▶ [WORK TO BE COMPLETED] Set down the whole listing below exactly, without pictures.

▶ [AVAILABLE DATA]
----
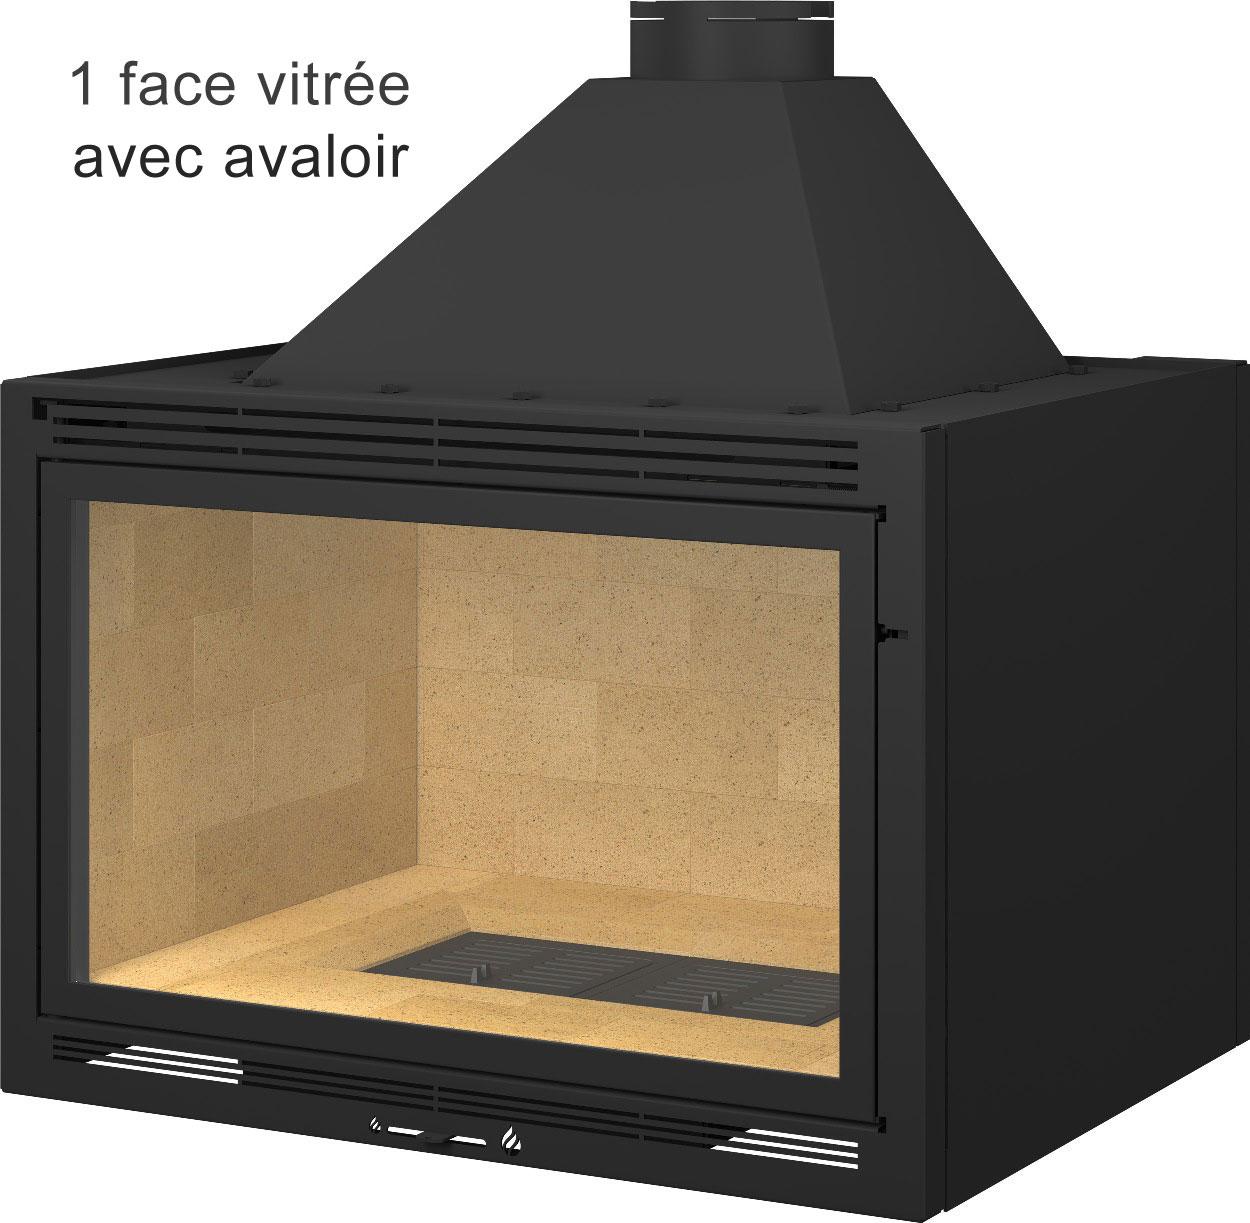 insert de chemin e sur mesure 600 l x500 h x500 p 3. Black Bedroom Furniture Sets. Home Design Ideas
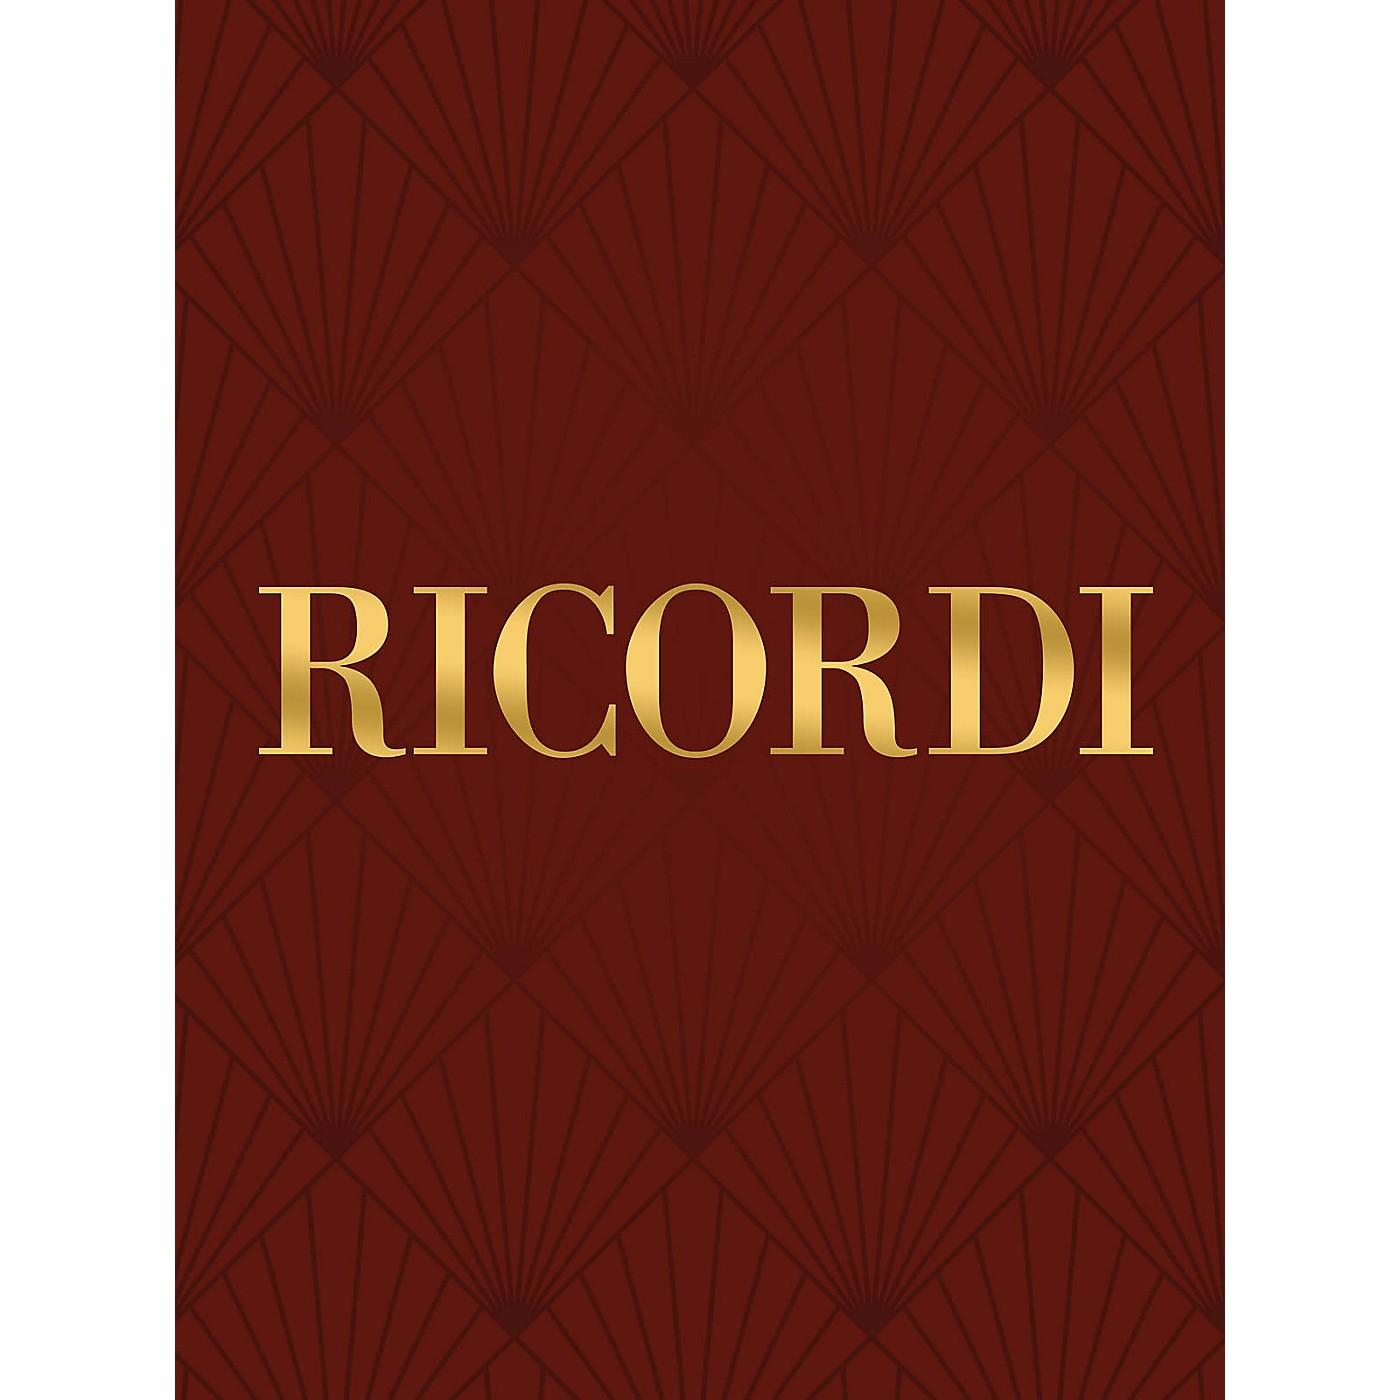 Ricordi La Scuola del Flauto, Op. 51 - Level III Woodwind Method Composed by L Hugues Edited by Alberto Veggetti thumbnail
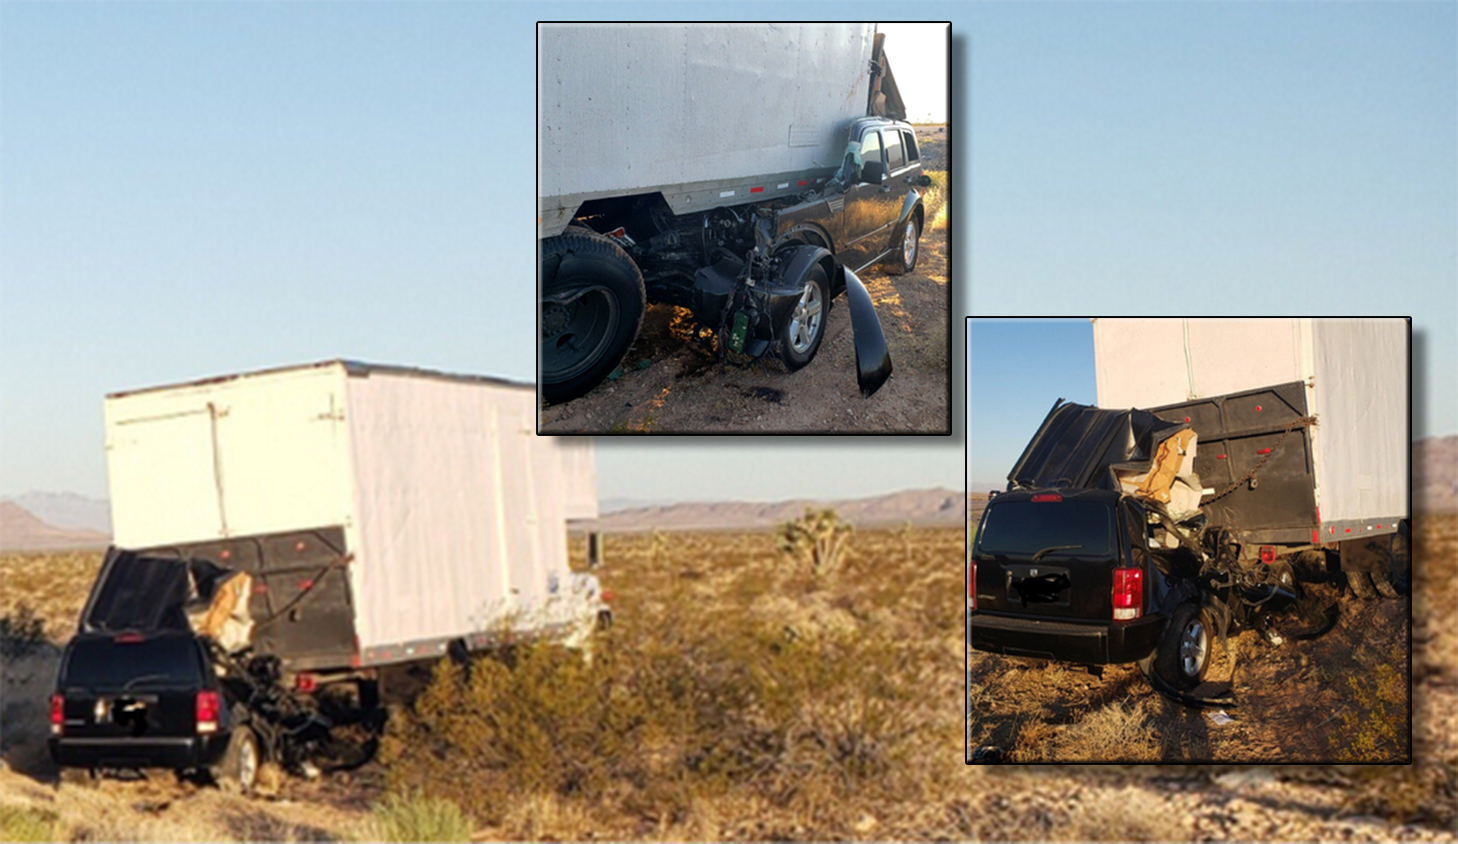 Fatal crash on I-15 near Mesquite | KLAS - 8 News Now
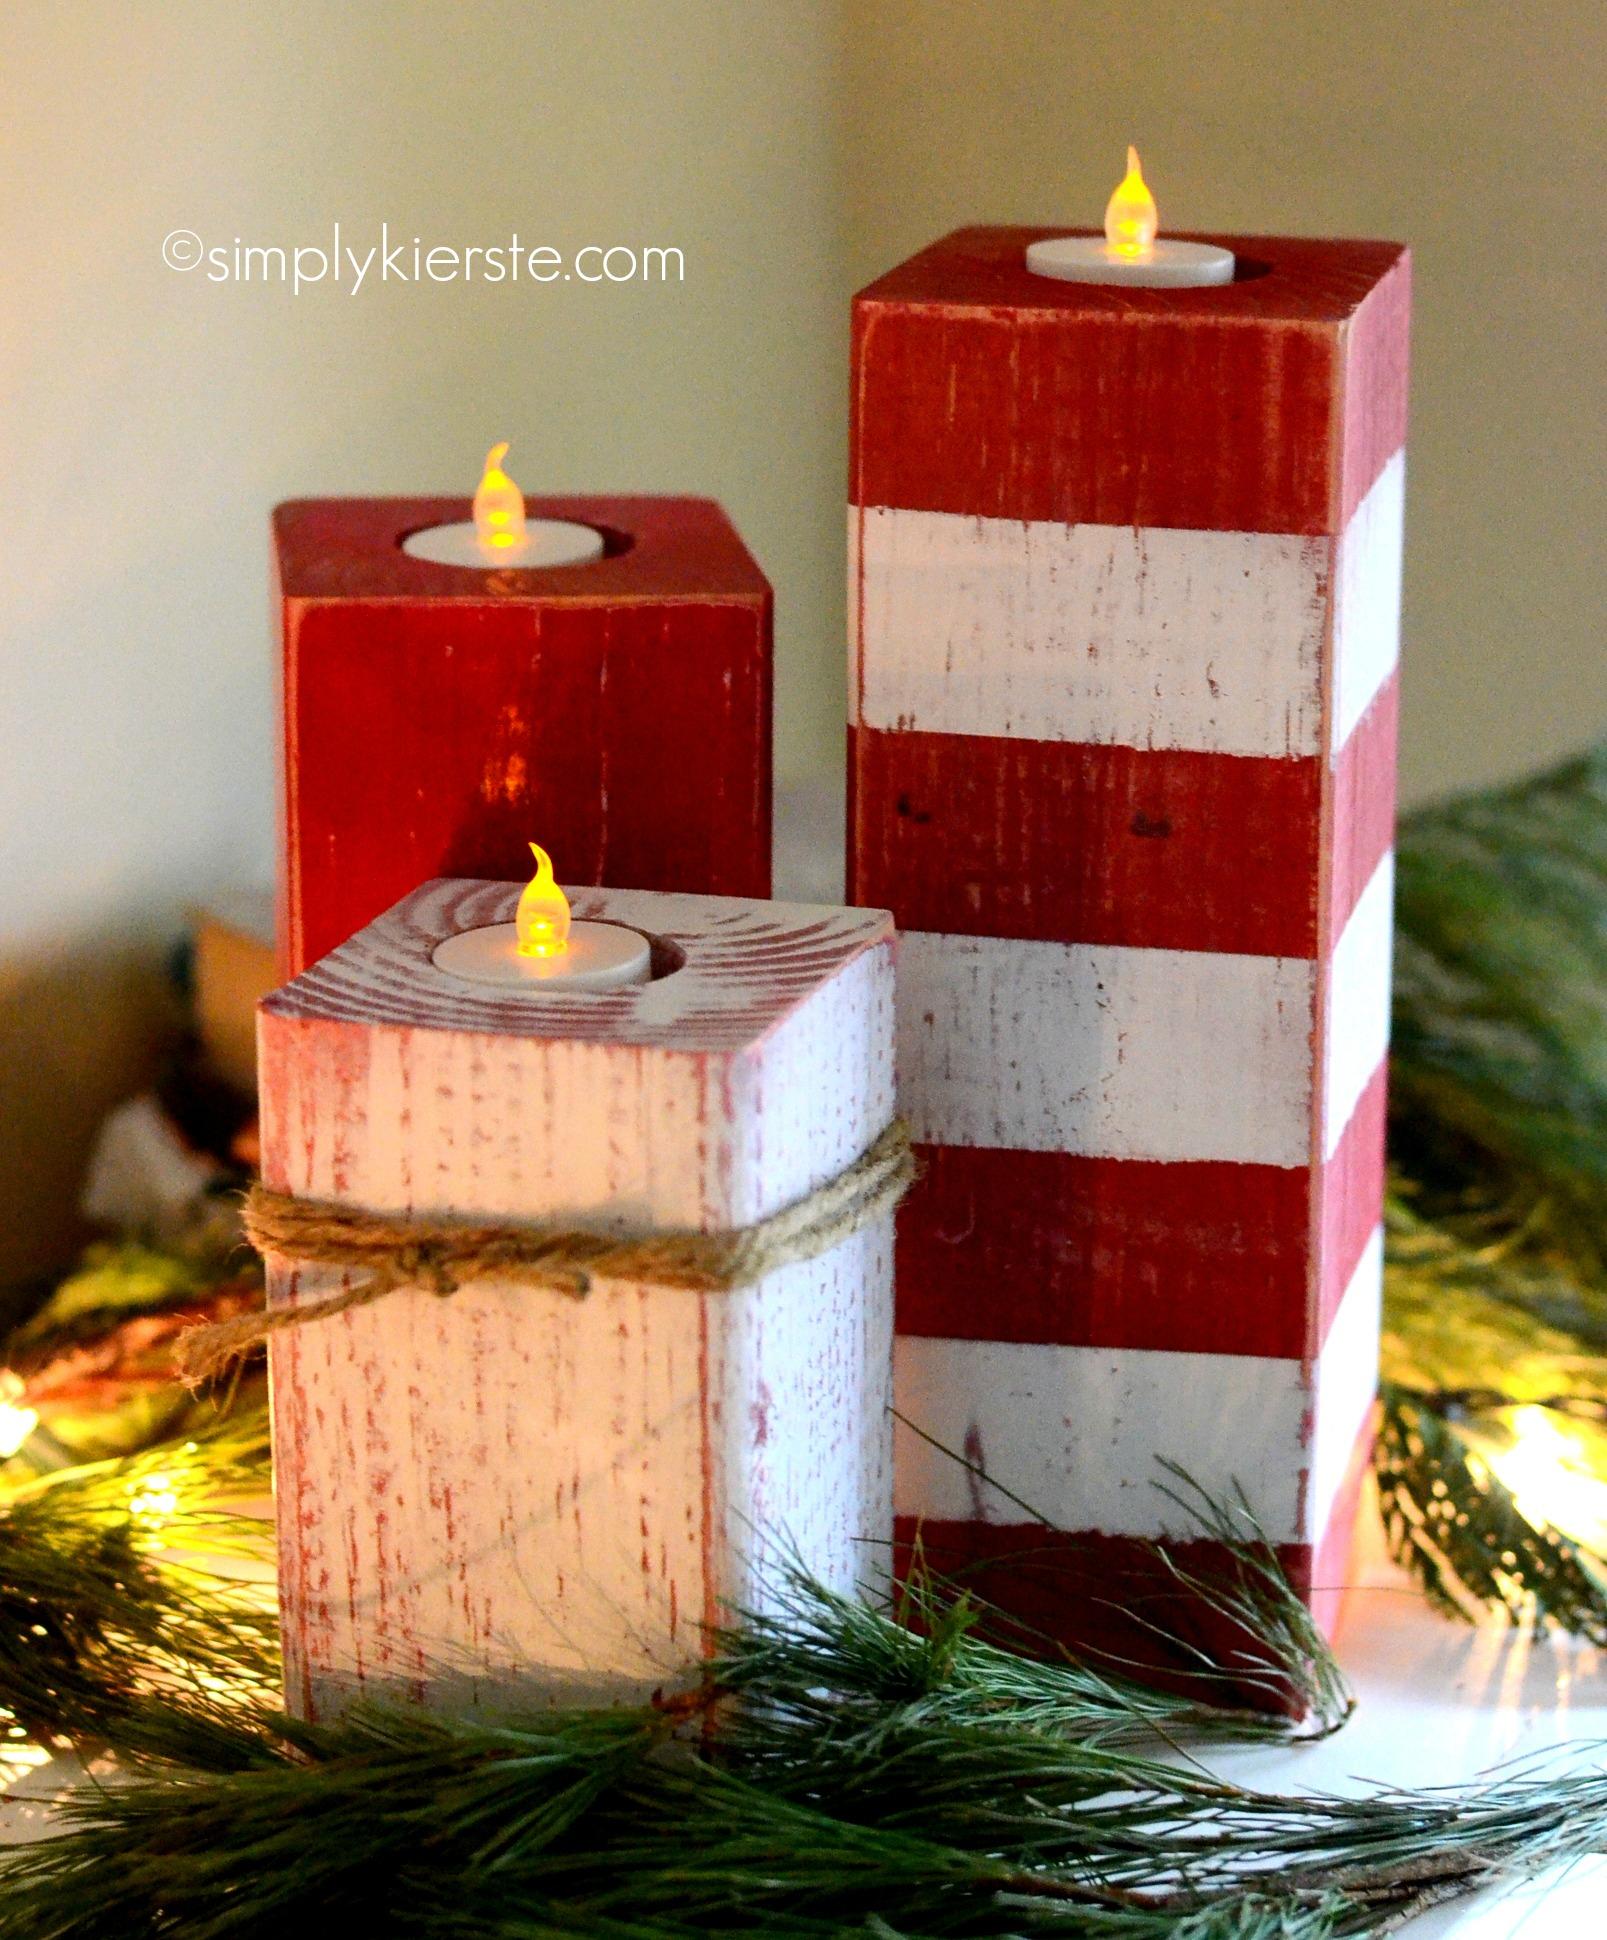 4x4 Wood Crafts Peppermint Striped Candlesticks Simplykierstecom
----
▶ [FINAL ANSWER]
 insert de chemin e sur mesure 600 l x500 h x500 p 3. Black Bedroom Furniture Sets. Home Design Ideas
 Ricordi La Scuola del Flauto, Op. 51 - Level III Woodwind Method Composed by L Hugues Edited by Alberto Veggetti thumbnail
 Fatal crash on I-15 near Mesquite | KLAS - 8 News Now
 4x4 Wood Crafts Peppermint Striped Candlesticks Simplykierstecom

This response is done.